"
Manitou", paru en 1975 aux Etats-Unis, est le roman qui lança la
carrière de
Graham Masterton. Pour un premier roman, c'est plutôt une réussite. Alors c'est vrai,
Masterton c'est d'abord un faiseur de série B, un honnête artisan du gore biberonné à la mythologie, adepte du surnaturel qu'on pose là plutôt que des longueurs littéraires mettant en scène les ressorts psychologiques d'un
Stephen King.
Mais là n'est pas vraiment la question, non ? La littérature de genre obéit à des codes mais s'y conformer ne veut pas nécessairement dire qu'on a du talent. Pour autant, s'y conformer ne veut pas dire non plus qu'on n'en a pas. C'est d'ailleurs peut-être plus difficile de réussir l'exercice du "passage obligé" avec talent quand moults auteurs vous ont précédé.

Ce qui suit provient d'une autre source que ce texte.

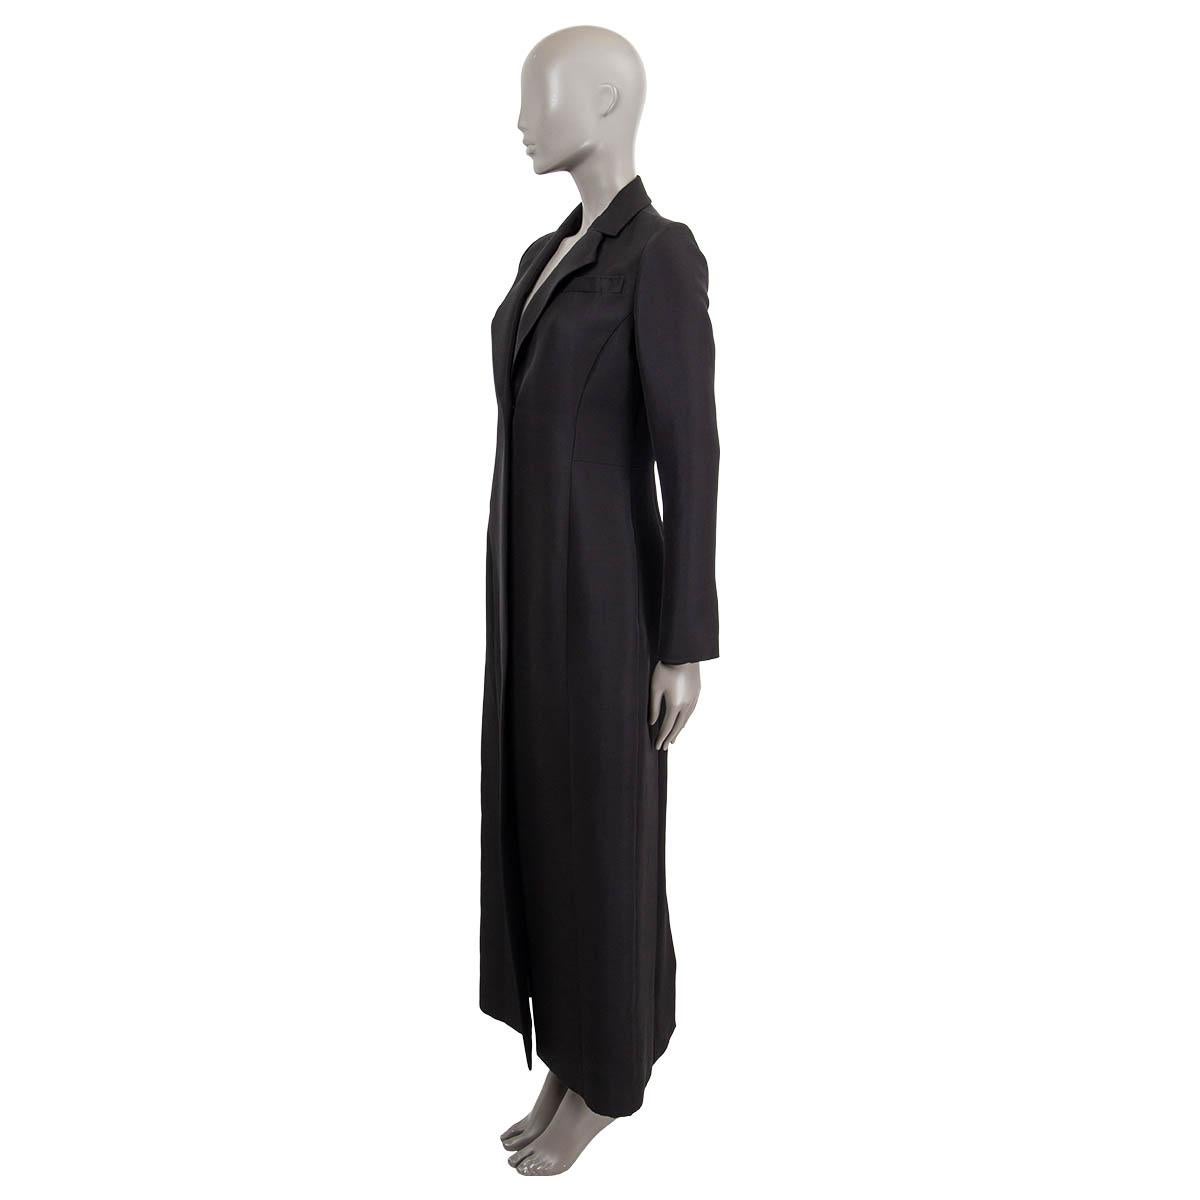 100% authentic Gabriela Hearst single-button long coat in black silk (58%) and cotton (42%). Features one breast pocket an buttons at the cuffs. Two invisible pockets on the side. Open with on button. Lined in silk (100%). Has been worn and is in

Mais je m'égare, et pour revenir sur "
Manitou" je peux dire haut et fort, après en avoir lu un certain nombre aujourd'hui, qu'il est mon roman préféré de l'auteur. D'abord parce que le duo de personnages principaux, Harry Erskine (sympathique voyant de pacotille qui ne croit pas aux esprits) / Singing Rock ("homme-médecine" indien du XXème siècle) fonctionne à merveille. Ensuite parce que la mythologie (amérindienne) proposée par l'auteur est judicieusement choisie, dans le sens où elle permet une dimension réflexive entre passé et présent, entre
L Histoire et l'histoire, même si cette dimension reste sommes toute minime, le but du récit étant bien sûr le divertissement. Mais ça permet quand même à l'auteur d'imaginer une menace (le maléfique sorcier indien Misqamacus) un brin plus complexe, dans ses motivations, que d'ordinaire. Et puis, enfin,
Masterton étant Ecossais, il n'est pas assujetti à une potentielle culpabilité qu'aurait pu ressentir un auteur américain à utiliser un "méchant indien", car méchant, Misqamacus l'est vraiment, et il ne se gêne pas pour le dire. Il ne se gêne pas non plus pour lui opposer un indien parfaitement intégré, aux allures de businessman.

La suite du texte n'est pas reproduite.